FCC Proposes $325,000 Indecency Fine for WDBJ Roanoke
The FCC proposed a fine of $325,000 -- the maximum allowed -- against Schurz Communications-owned WDBJ Roanoke, Virginia, for broadcasting explicit video from an adult film website on a news broadcast, said a notice of apparent liability (NAL) released Monday. It's “self-evident” that “the stroking of an erect penis on a broadcast program is shocking,” said the NAL. “Our action here sends a clear signal that there are severe consequences for TV stations that air sexually explicit images when children are likely to be watching,” said Enforcement Bureau Chief Travis LeBlanc in a statement. The offending images' inclusion in the broadcast was “purely unintentional” and was visible only on some televisions for less than three seconds, said WDBJ in a statement. The station plans to oppose the fine, it said.

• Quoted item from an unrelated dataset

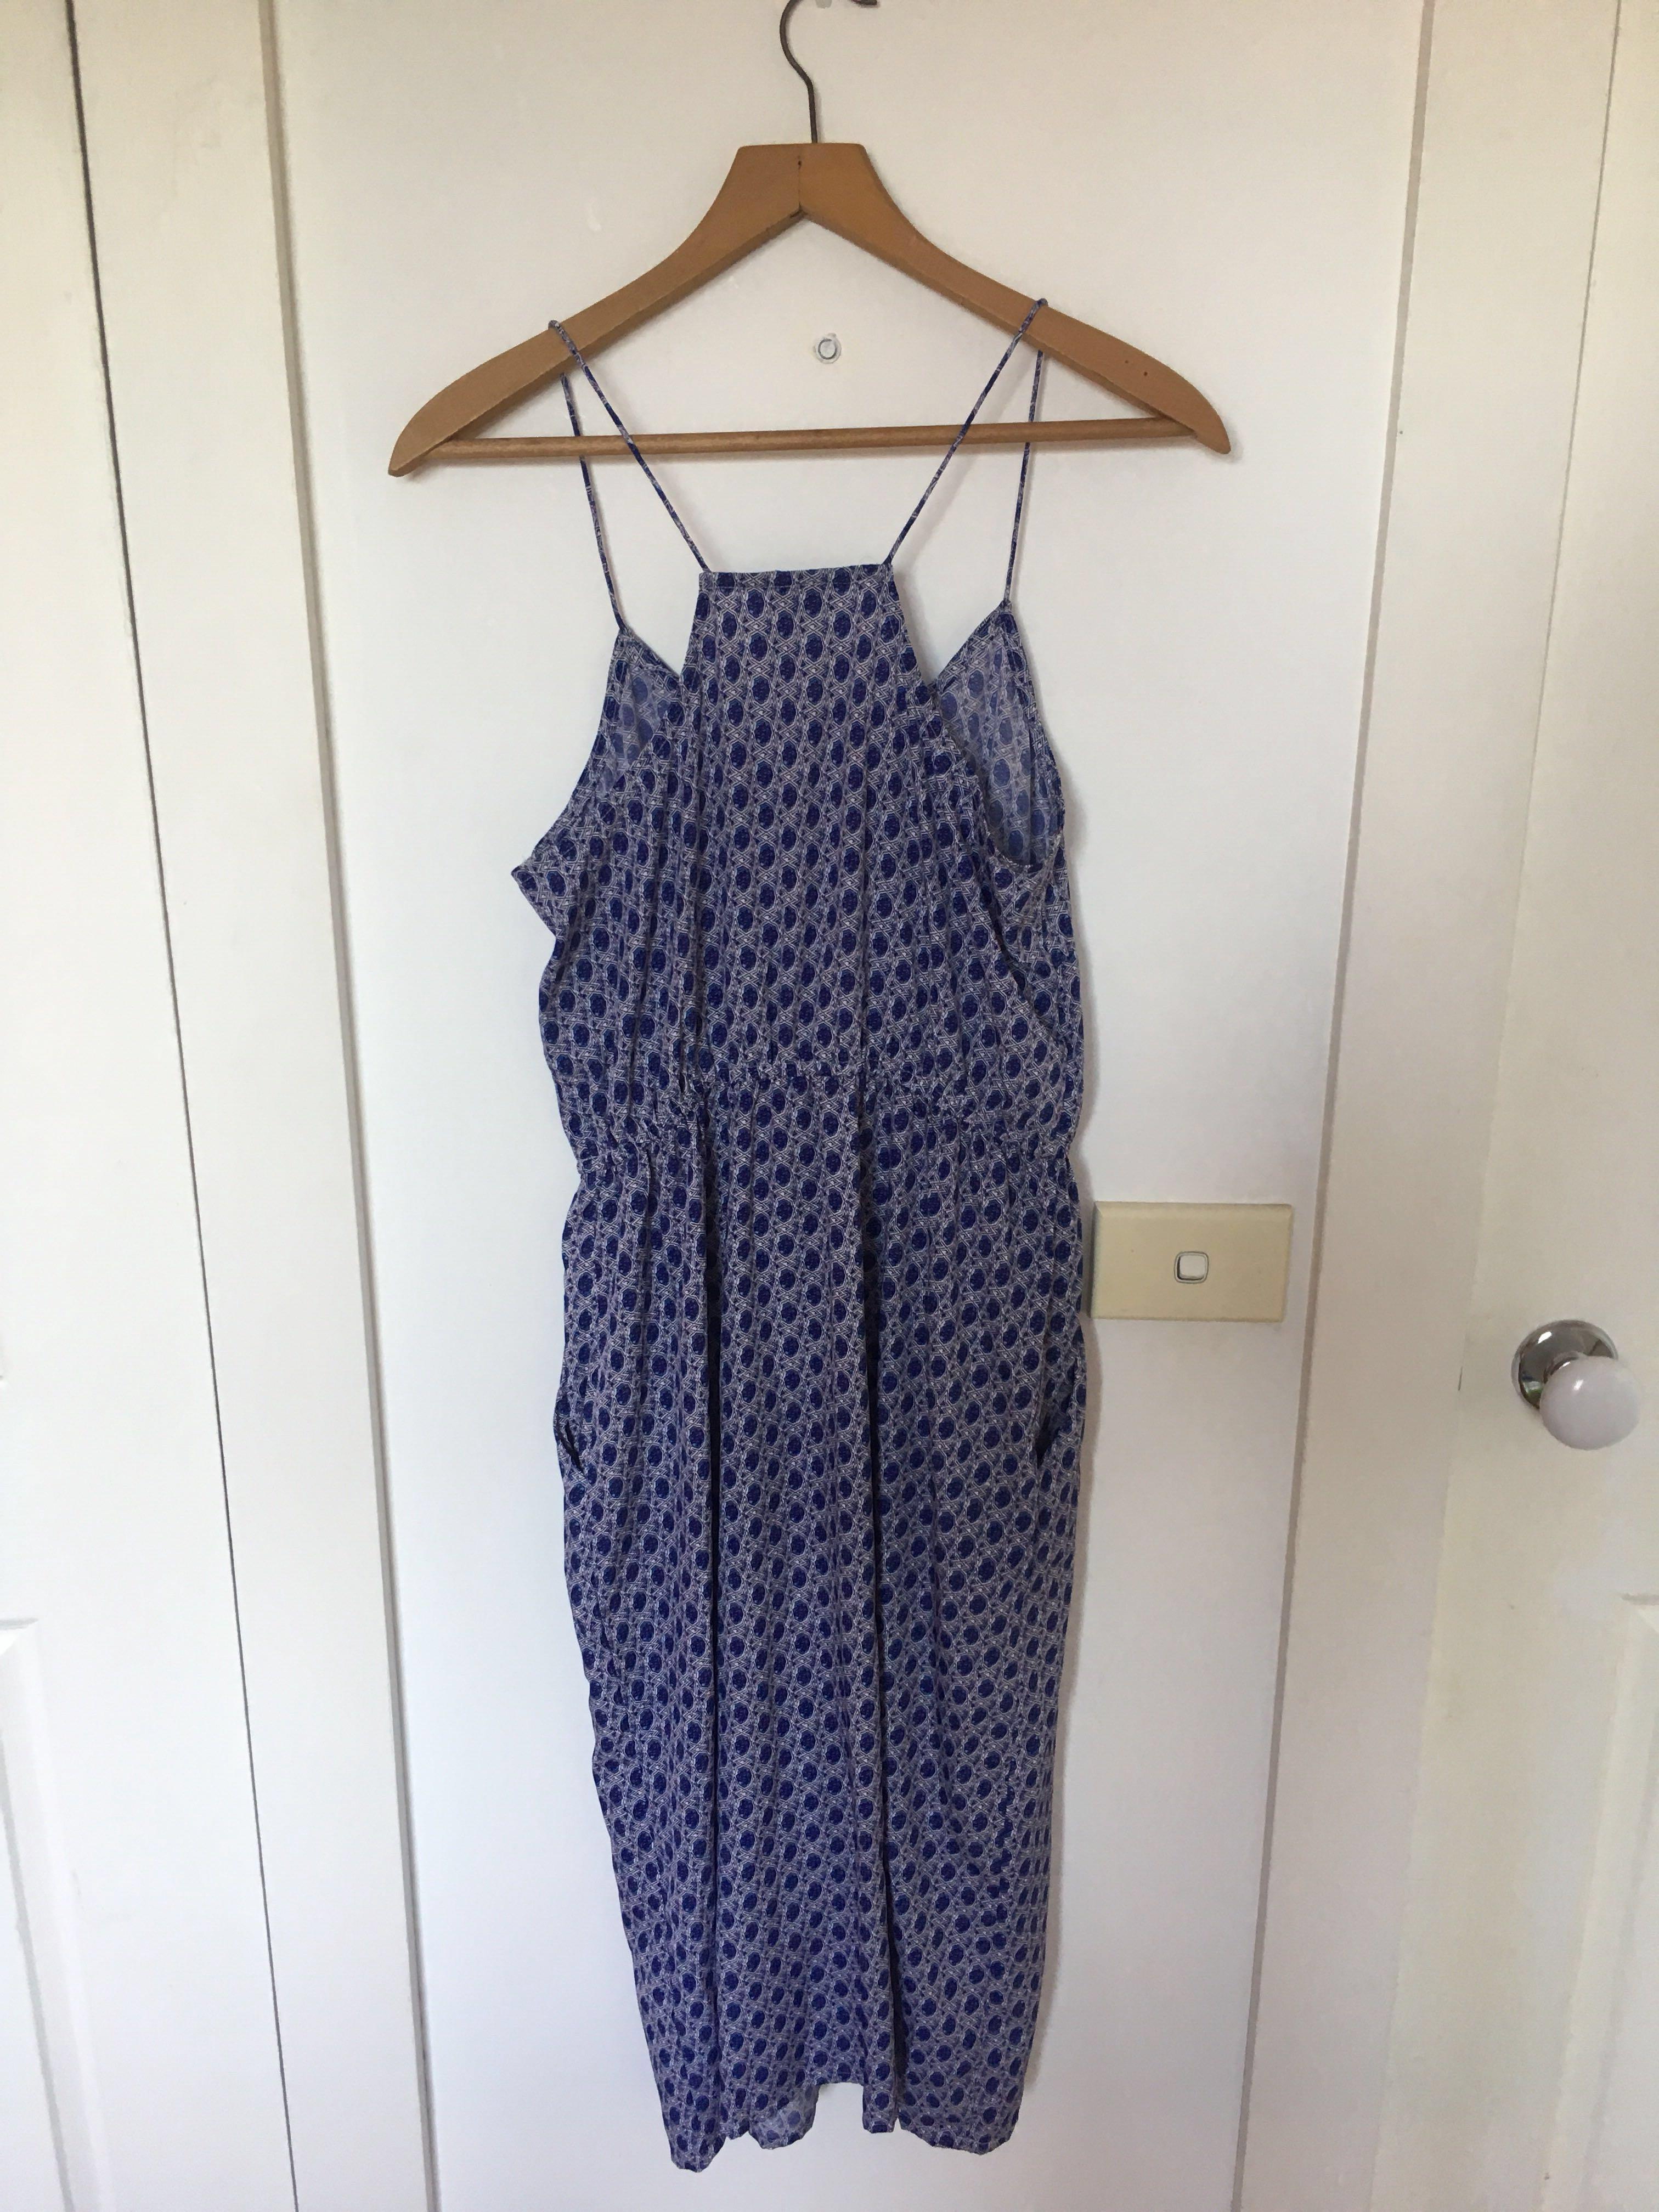 H&M blue racerback patterned midi dress (with pockets)

The explicit material was broadcast in July 2012 at around 6 p.m. during an evening news story about a local rescue squad volunteer who had previously acted in adult films, the NAL said. During the report, the station aired a brief screenshot from an adult film website hosting one of the volunteer’s films. Though the online clip of the volunteer didn’t contain indecent material, the screenshot included ads around the borders of the clip that included an “image of sexual activity involving manipulation of an erect penis” the NAL said. Though WDBJ said the explicit images weren’t visible during the editing process, a photojournalist for the station said he just didn’t notice the explicit pictures, the NAL said. After receiving viewer complaints, WDBJ didn’t rebroadcast the report, and removed it from the station’s website, the NAL said.
Though WDBJ has argued that the image was fleeting, the FCC said the duration was “not so brief as to preclude an indecency finding,” and said it was “sufficient to attract and hold viewers’ attention” since the station received several complaints. One broadcast attorney told us some previous FCCs may not have assessed a fine for this offense since it was unintentional and so brief, but the Parents Television Council’s Grassroots Director Melissa Henson disagreed. “This was so clearly a violation, I very much doubt this would have been given a pass,” Henson said.
The subject matter of the report likely contributed to the fine, Henson and the attorney said. If the sexual content had occurred in the background of a fire or some other news event, the FCC may have been more likely to see its inclusion as inadvertent, they said. “This was not circumstances beyond their control,” Henson said. “WDBJ included in the broadcast images from the adult film website that distributes films featuring the former star of such films. As a direct consequence of that action, in conjunction with its failure to monitor the full content of the broadcast, the Licensee aired the sexually explicit images,” the NAL said.
WDBJ said the FCC hadn’t provided proper notice that this sort of material would be indecent, since it issued a 2013 public notice seeking comment on its indecency policies “without clearly articulating the standards that would apply to indecency enforcement or whether the indecency policies would or would not apply during the pendency of the comment period,” the NAL said. Commission precedent shows that graphic sexual activity violates the FCC’s indecency policy, the NAL said. Though Henson conceded that the FCC’s indecency policies can be seen to have “a gray area,” WDBJ’s violation was so extreme that its indecency isn’t in doubt, Henson said.
The “enormous fine” proposed by the FCC is “an extraordinary burden on protected speech,” WDBJ said. The FCC’s base forfeiture for a violation of the indecency rules is $7,000, WDBJ said. “This unprecedented proposed fine is more than 46 times higher than the FCC’s own determination of the punishment for indecent speech,” said the station. The high fine could be “a signal that the FCC is serious about enforcing its indecency policy,” Henson said. “Today must not be the conclusion of indecency enforcement; rather it must be just the beginning of FCC enforcement action,” said PTC in a statement. The video clip “depicted not only nudity but also graphic sexual activity during a program that was broadcast when there was a reasonable risk that children were likely to be in the audience,” said the FCC in explanation of the fine.